7 – Find Influences–Everywhere
If you’re Southern Rock, why not listen to some Indian tabla music? If you’re EDM, how about taking a plunge into Led Zeppelin’s earliest stuff. Search wide then delve deep with something piques your interest. Only nearly every other successful musician on the planet has done this, so perhaps you should do it too.
8 -Practice (Even When You Don’t Need To)
The basics need a tuneup again and again. Got a tendency to speed up when you play drums? Practice your good old four on the floor. If you sing, do those vocal warmups and get to the higher registers of your voice. Regular practice will keep your tools sharp and ready. When you’re ready to create or perform, they’ll be there at your disposal.
9 – Create For The Sake Of Creating
When people get caught up in creating solely for the money, fame, or success, things get weird and a-kilter. If you want to stay grounded, follow your passion and keep on going back to the well, creating more and more.
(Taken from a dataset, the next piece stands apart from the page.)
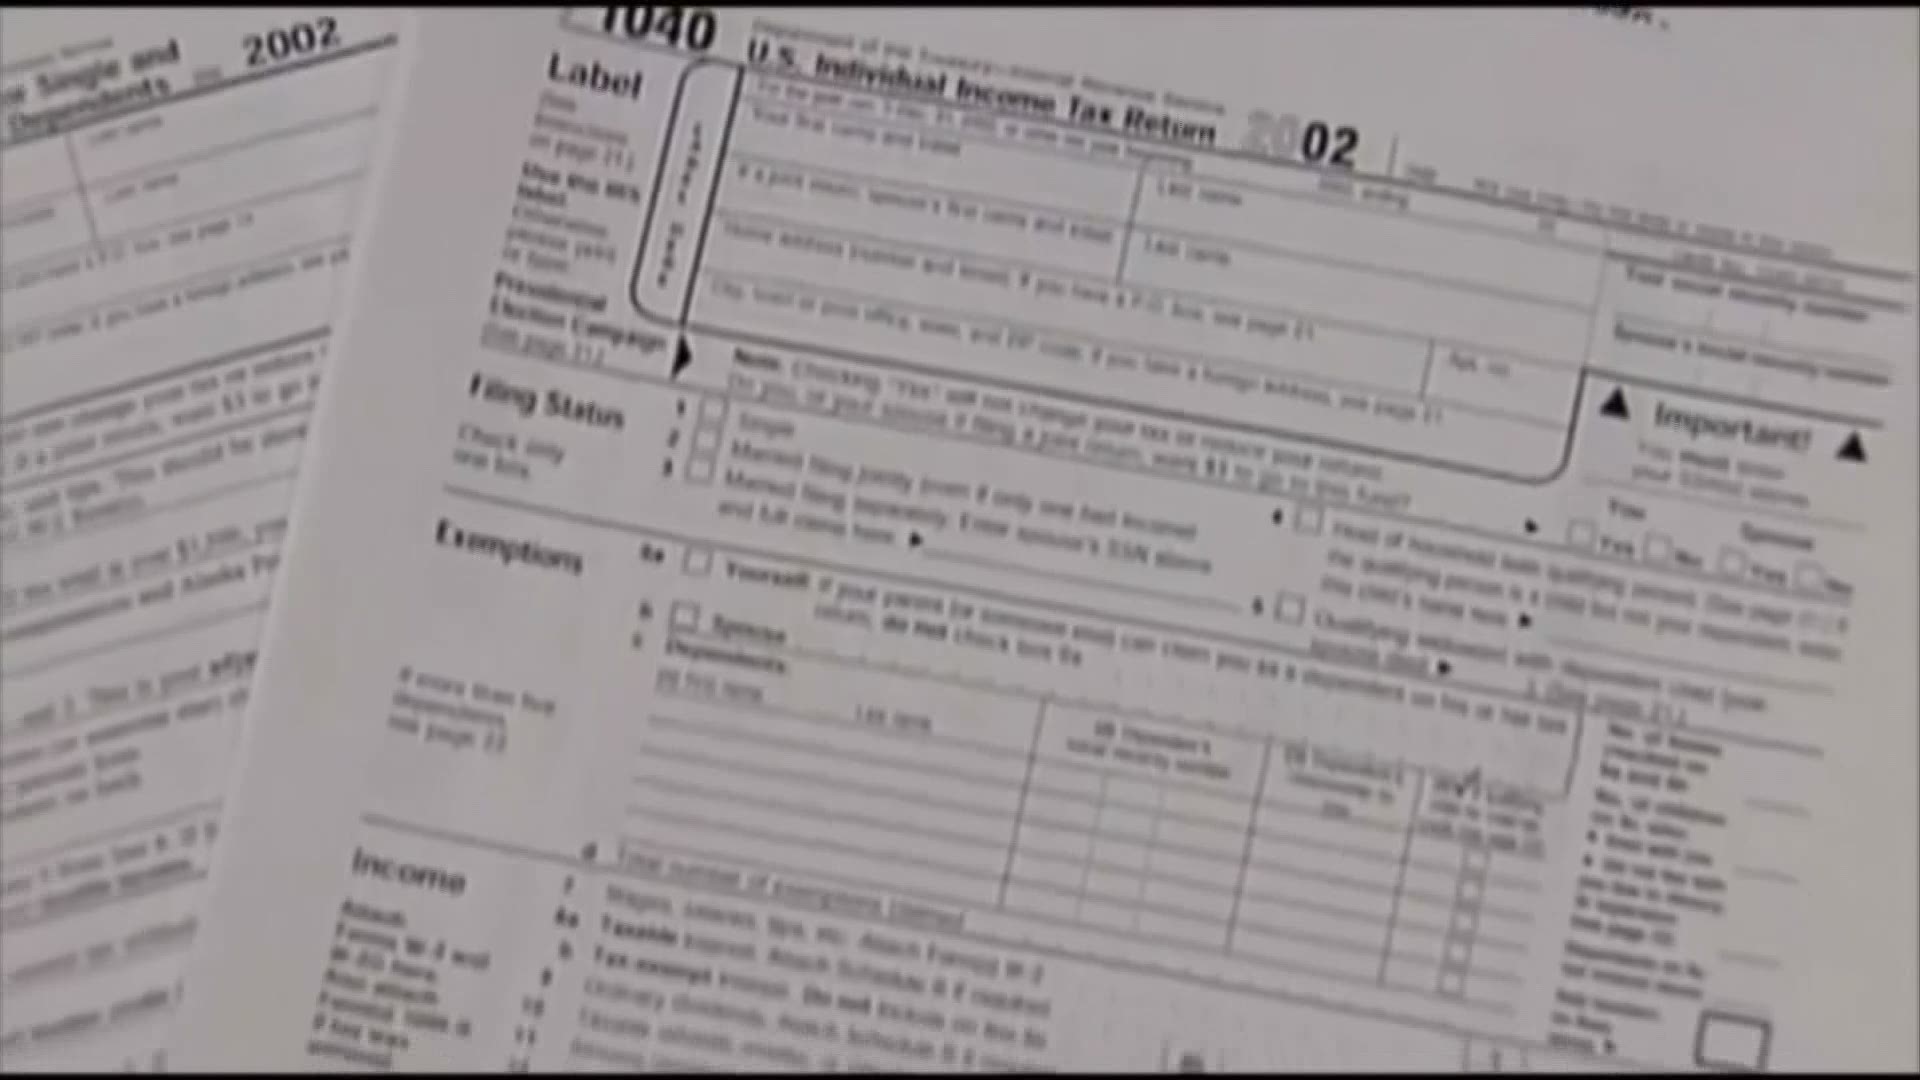 Many questions have been asked on how the stimulus checks can affect your taxes.
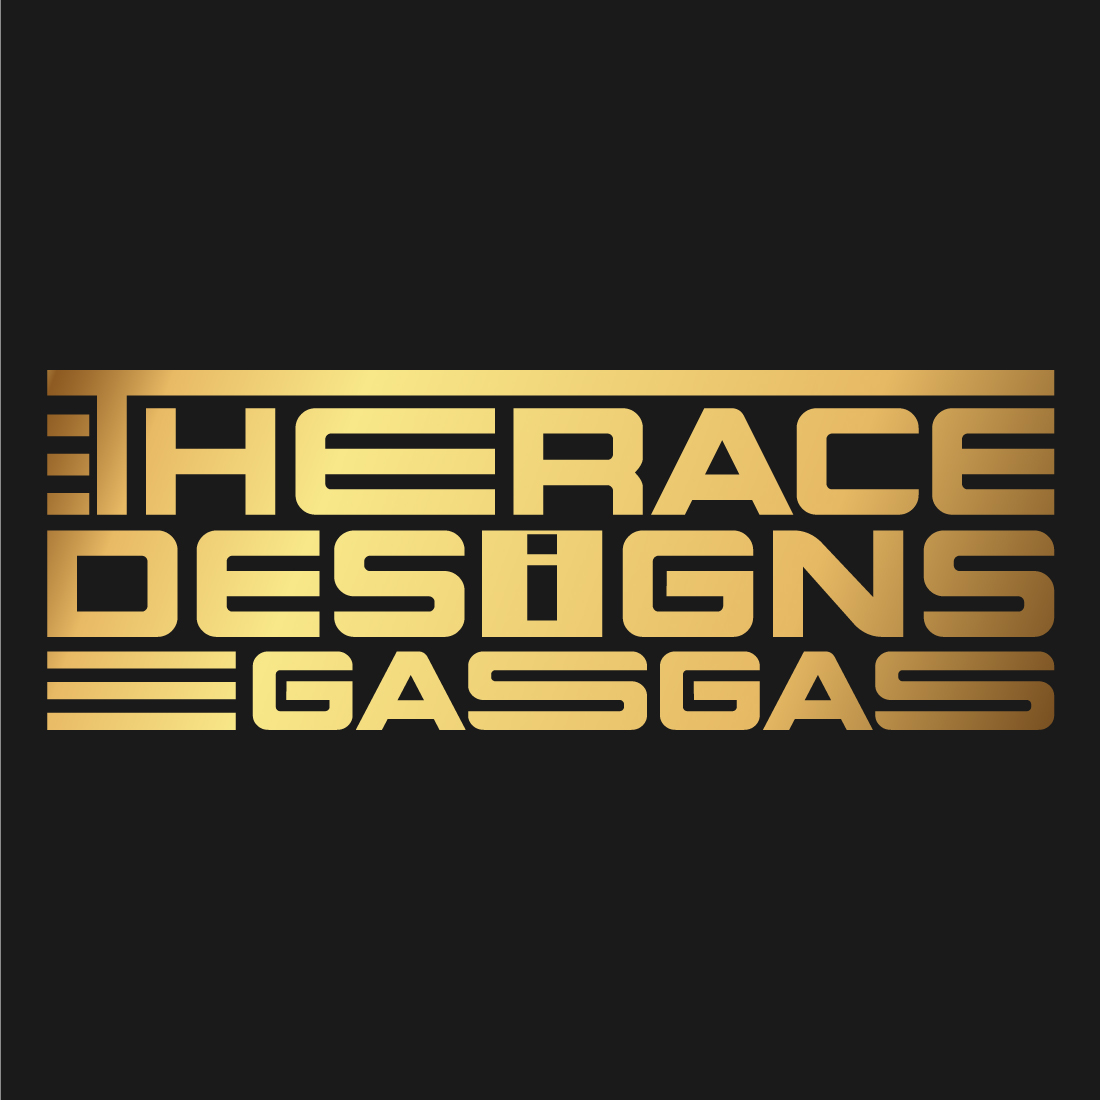 Image with irresistible inscription for prints Therace designs gasgas.

If and when you get lost, your art will show you the way back. Remember, without your art, you are not whole. To stay whole, stay on-point, and inspired, always create something new.
10 – Learn What Works & Repeat
As you confront all the wonderful, bitter, and exhausting experiences that are inevitably tied up with the reality of being a DIY musician in today’s world, reserve some space and time to look at what you’re doing. Take notes or journal about what works and what doesn’t work for you. Put on your anthropologist’s hat and notate the time, place, and mood surrounding your last super-productive writing session. Look at what you eat, how much you sleep, and see what gets you in optimum shape for creating.